Dari 1985 peserta, 270 orang melaporkan kematian seseorang yang disayangi dalam 6 bulan sebelum onset MI. Dari 270 orang tersebut, 19 orang mengalami MI dalam kurun waktu 24 jam setelah kehilangan, 7 orang dalam 24-48 jam, 5 orang dalam 48 – 72 jam, 21 orang dalam 4-7 hari setelah kehilangan. Dari 19 orang yang mengalami MI dalam 24 jam, dikatakan orang yang kehilangan tersebut bersifat moderately dan extremely meaningful.

Hasil penelitian menunjukkan bahwa incidence rate ratio (IRR) terjadi MI didapatkan paling tinggi pada kurun waktu 24 jam setelah kehilangan yaitu 21.1 (95% CI 13.1 – 34.1). IRR menurun secara progresif seiring bertambahnya hari setelah kehilangan orang yang disayangi, menjadi 5.8 pada hari ke-7 (95% CI 3.7 – 9.2), tapi peningkatan yang signifikan tetap ada selama kurang lebih satu bulan setelah kematian orang yang disayangi.

Secara berurutan pada kelompok MI 5%, 10%, dan 20% 10 year MI risk, didapatkan number needed to harm adalah 1 per 1394, 678, dan 320 secara berurutan (risiko berdasarkan Framingham Risk Score).

Studi ini juga menunjukkan bahwa pria lebih rapuh untuk terjadi penurunan kualitas kesehatan daripada wanita terkait kehilangan orang yang disayangi. Begitu pula kaum muda ternyata lebih rapuh daripada kaum yang lebih tua. Risiko juga dilaporkan meningkat pada mereka yang merasakan amarah, anxietas, atau depresi sekitar 2 jam sebelum onset (semua p < 0.001)



Hubungan antara kematian orang yang berarti sebagai faktor pemicu ini dengan onset akut MI secara patofisiologi dapat dijelaskan melalui jalur peningkatan afek negatif, seperti depresi, anxietas, dan amarah. Selain itu, stress emosional juga dapat menyebabkan stress fisik melalui berkurangnya waktu tidur, berkurangnya nafsu makan, penurunan kadar kolesterol dan LDL, serta kadar kortisol yang meningkat. Kortisol meningkatkan aktivitas simpatis, sehingga terjadi perubahan–perubahan hemodinamik akut seperti peningkatan resistensi vaskular, yang dapat menyebabkan iskemia miokard transien dan/atau disrupsi plak aterosklerosis.

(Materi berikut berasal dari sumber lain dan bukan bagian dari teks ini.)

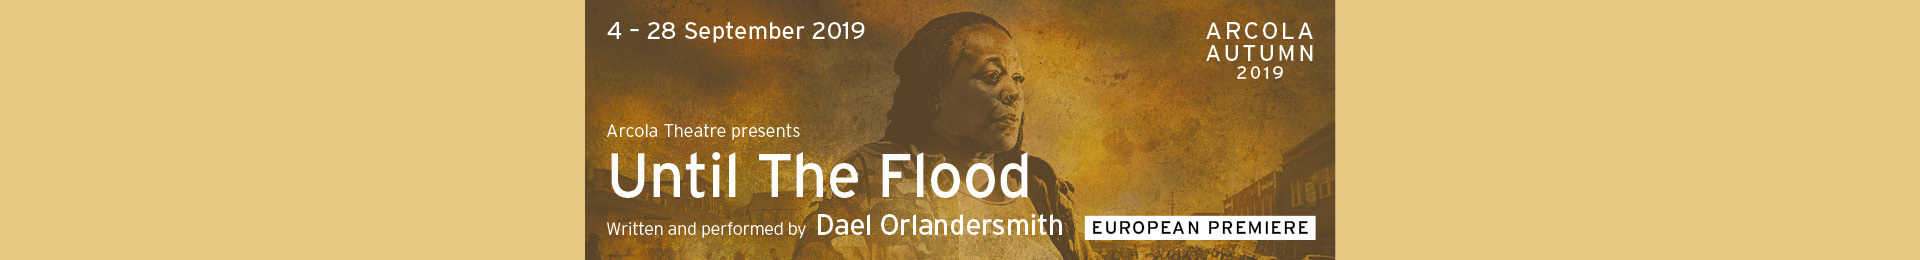 Until The Flood banner image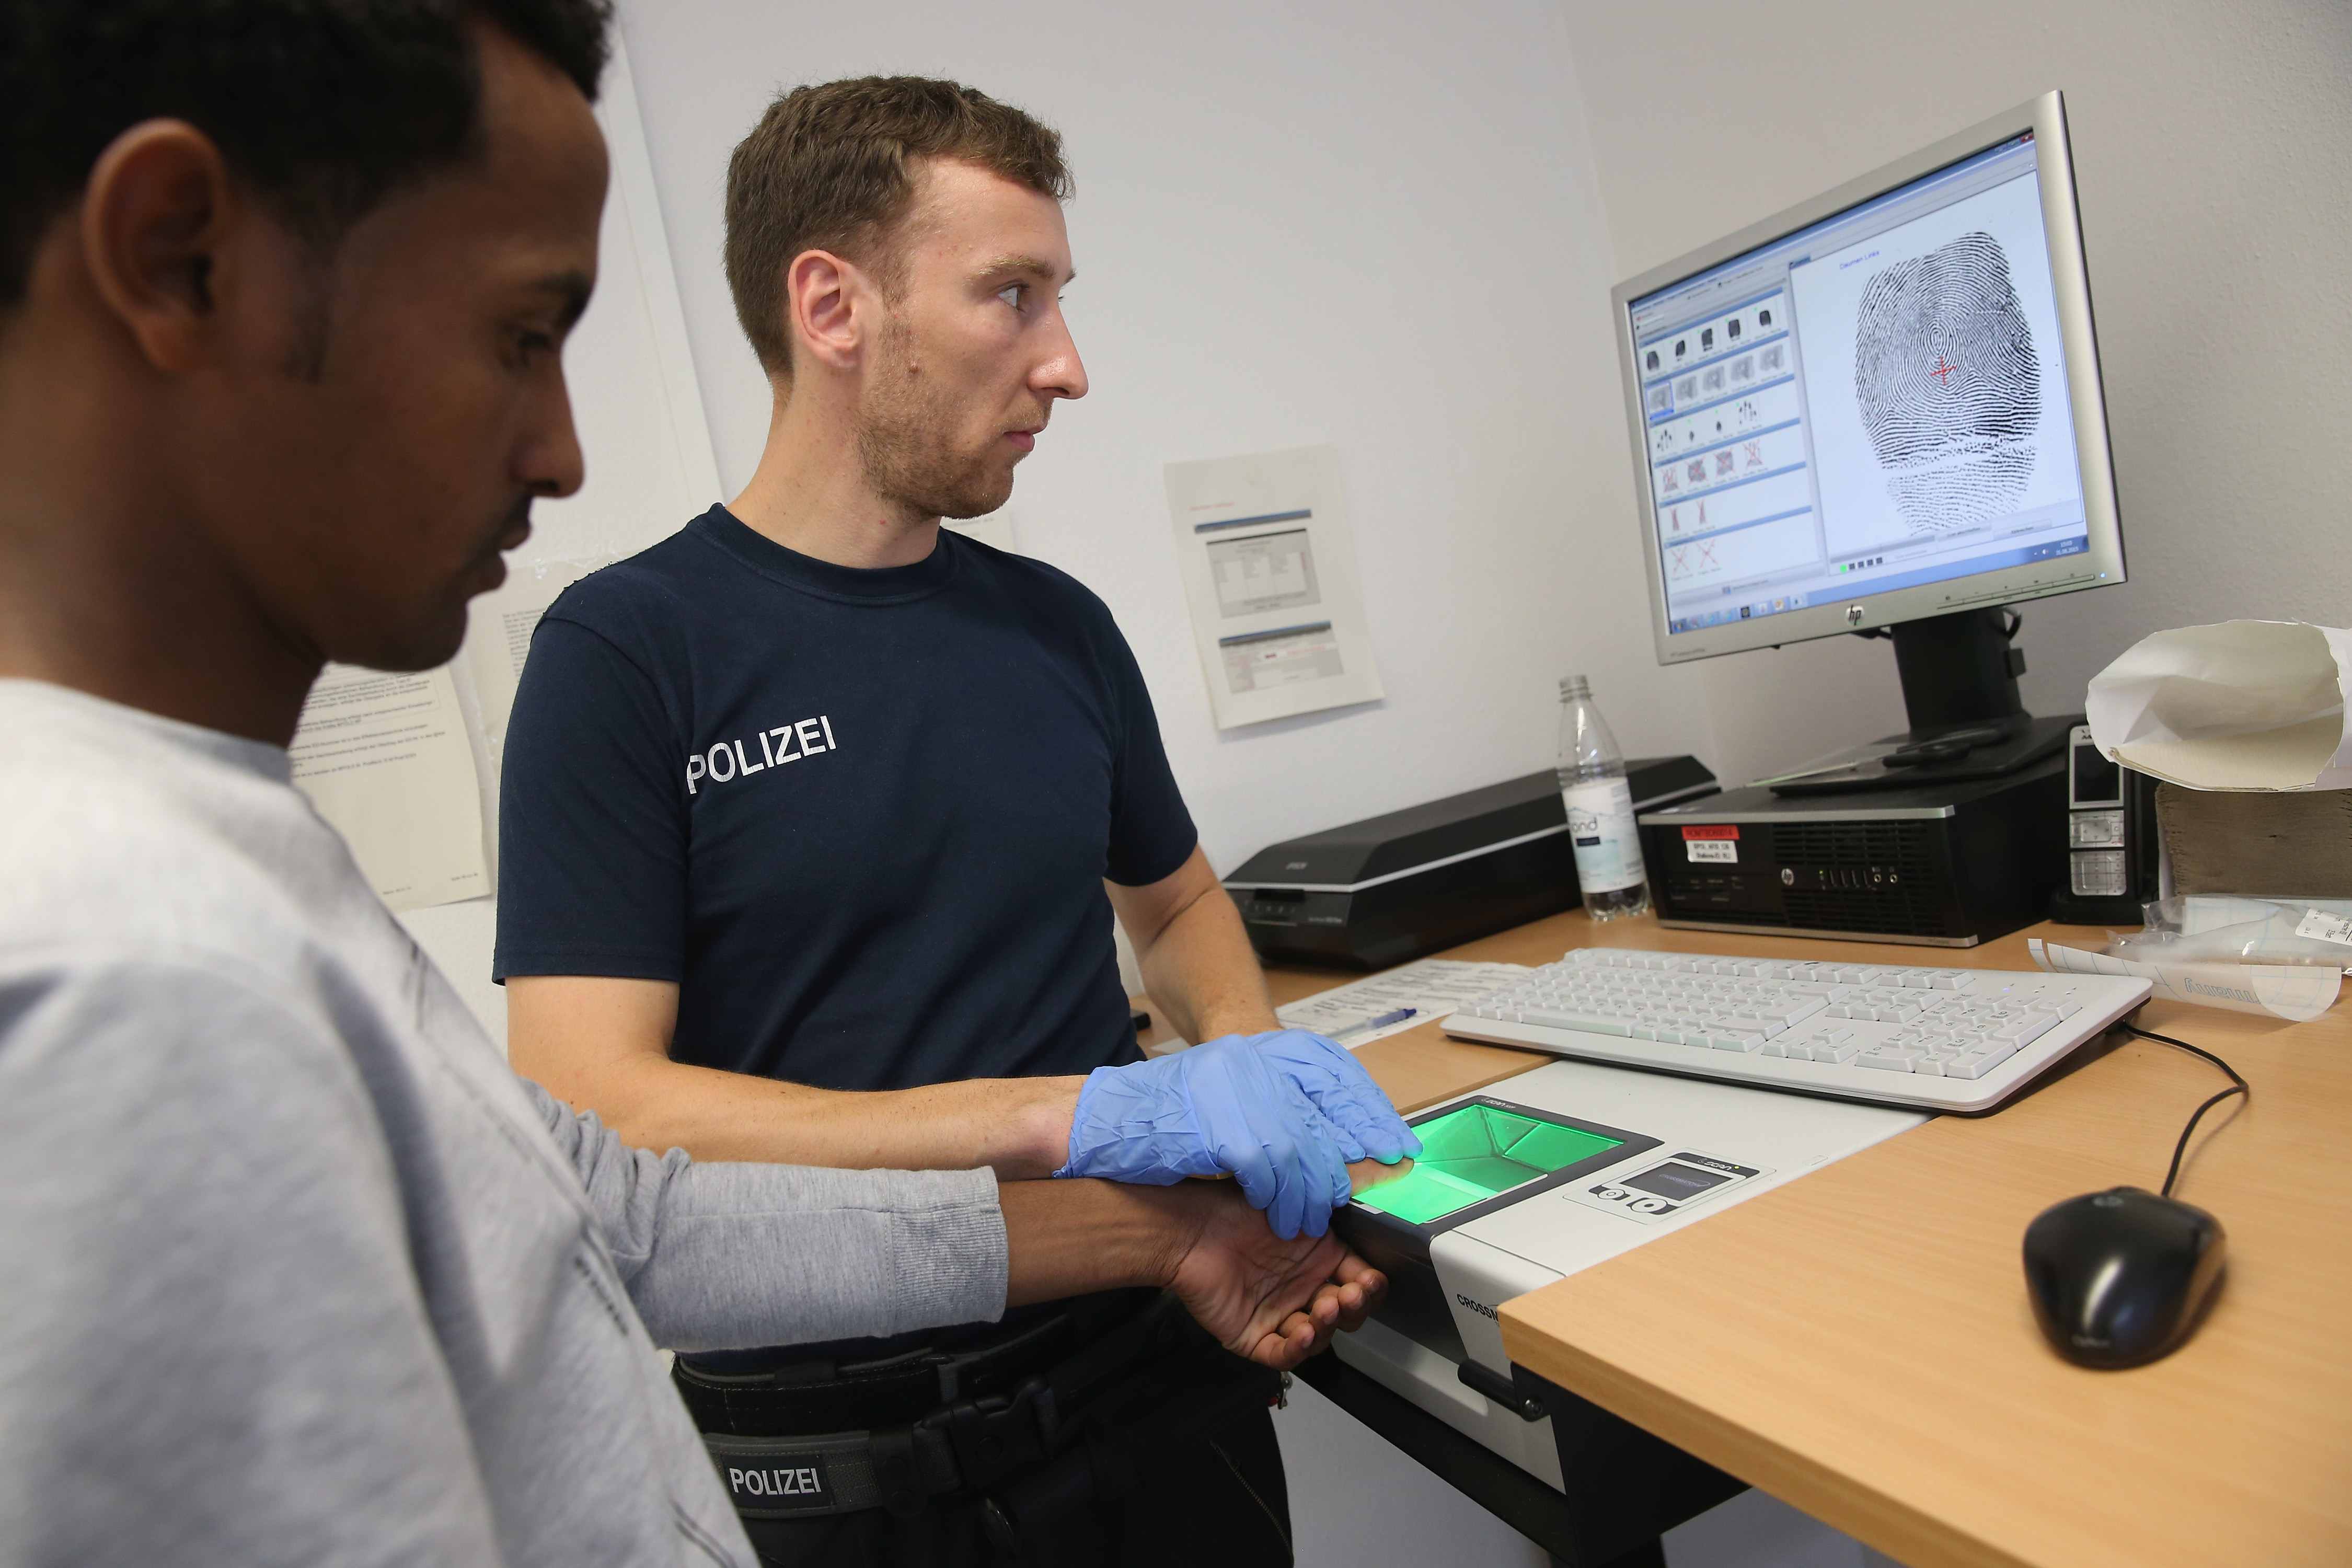 16 Monate nach Flüchtlingswelle: „Fingerabdrucksystem funktioniert endlich“ – Bis zu 12-fach Registrierungen, Millionenschaden angerichtet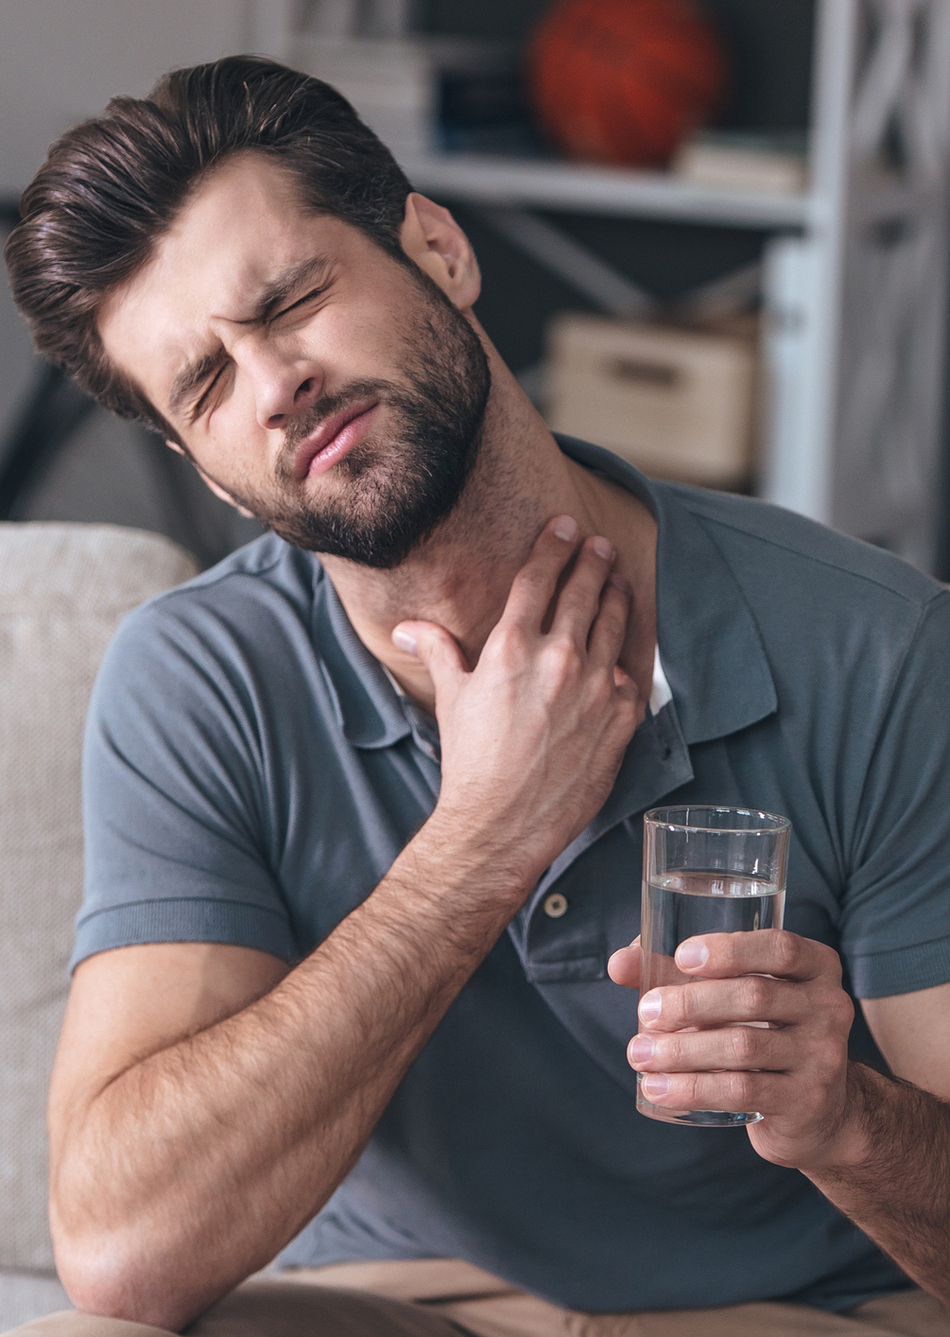 Does Gargling Salt Water Help a Sore Throat?

Karena hasil penelitian menunjukkan bahwa asosiasi terkuat antara kehilangan dan onset MI adalah dalam hitungan hari setelah kehilangan, dapat disimpulkan bahwa onset MI bukanlah diakibatkan konsumsi obat kardiovaskular yang terlewat. Tidak juga ada yang melaporkan lupa untuk mengonsumsi beta-blocker yang dapat menyebabkan rebound dari hipertensi.

Stress emosional atau fisik dapat menyebabkan gejala – gejala yang mirip dengan infark miokard akut, seperti nyeri dada, elevasi segmen ST, dan peningkatan CK dan troponin. Sindrom yang bernama stress cardiomyopathy atau Takotsubo cardiomyopathy atau broken heart syndrome ini menyebabkan disfungsi ventrikel kiri yang berat namun bersifat transien dan akan pulih dalam beberapa hari sampai minggu. Tidak menutup kemungkinan bahwa beberapa kasus infark miokard dalam penelitian ini mungkin sebenarnya adalah Takotsubo cardiomyopathy.

Studi ini memiliki beberapa kekurangan. Pertama, karena hanya 19 dari 270 orang yang melaporkan onset MI terjadi 24 jam setelah kehilangan orang yang disayangi, maka tidak dapat dievaluasi apakah hubungan tertentu antara yang meninggal dan yang ditinggalkan dapat menyebabkan variasi dalam hasil penelitian. Kedua, dapat terjadi overestimasi dari IRR karena subyek yang mengalami pajanan dalam periode kasus akan bercerita lebih detil dan mengeluarkan emosinya lebih daripada pajanan yang terjadi pada periode kontrol. Ketiga, beberapa subyek mungkin saja salah melaporkan detil waktu terjadinya kehilangan, namun kehilangan seseorang yang disayangi adalah sebuah kejadian yang jarang terlupakan, sehingga kemungkinan besar detil waktu yang dilaporkan memang benar adanya. Keempat, karena studi case-crossover menggunakan subyek sebagai kontrol-nya sendiri, maka perancu faktor risiko yang bersifat kronik dapat disingkirkan, namun kita tidak dapat menyingkirkan kemungkinan adanya pemicu lain yang terjadi bersamaan dengan kematian seseorang yang disayangi.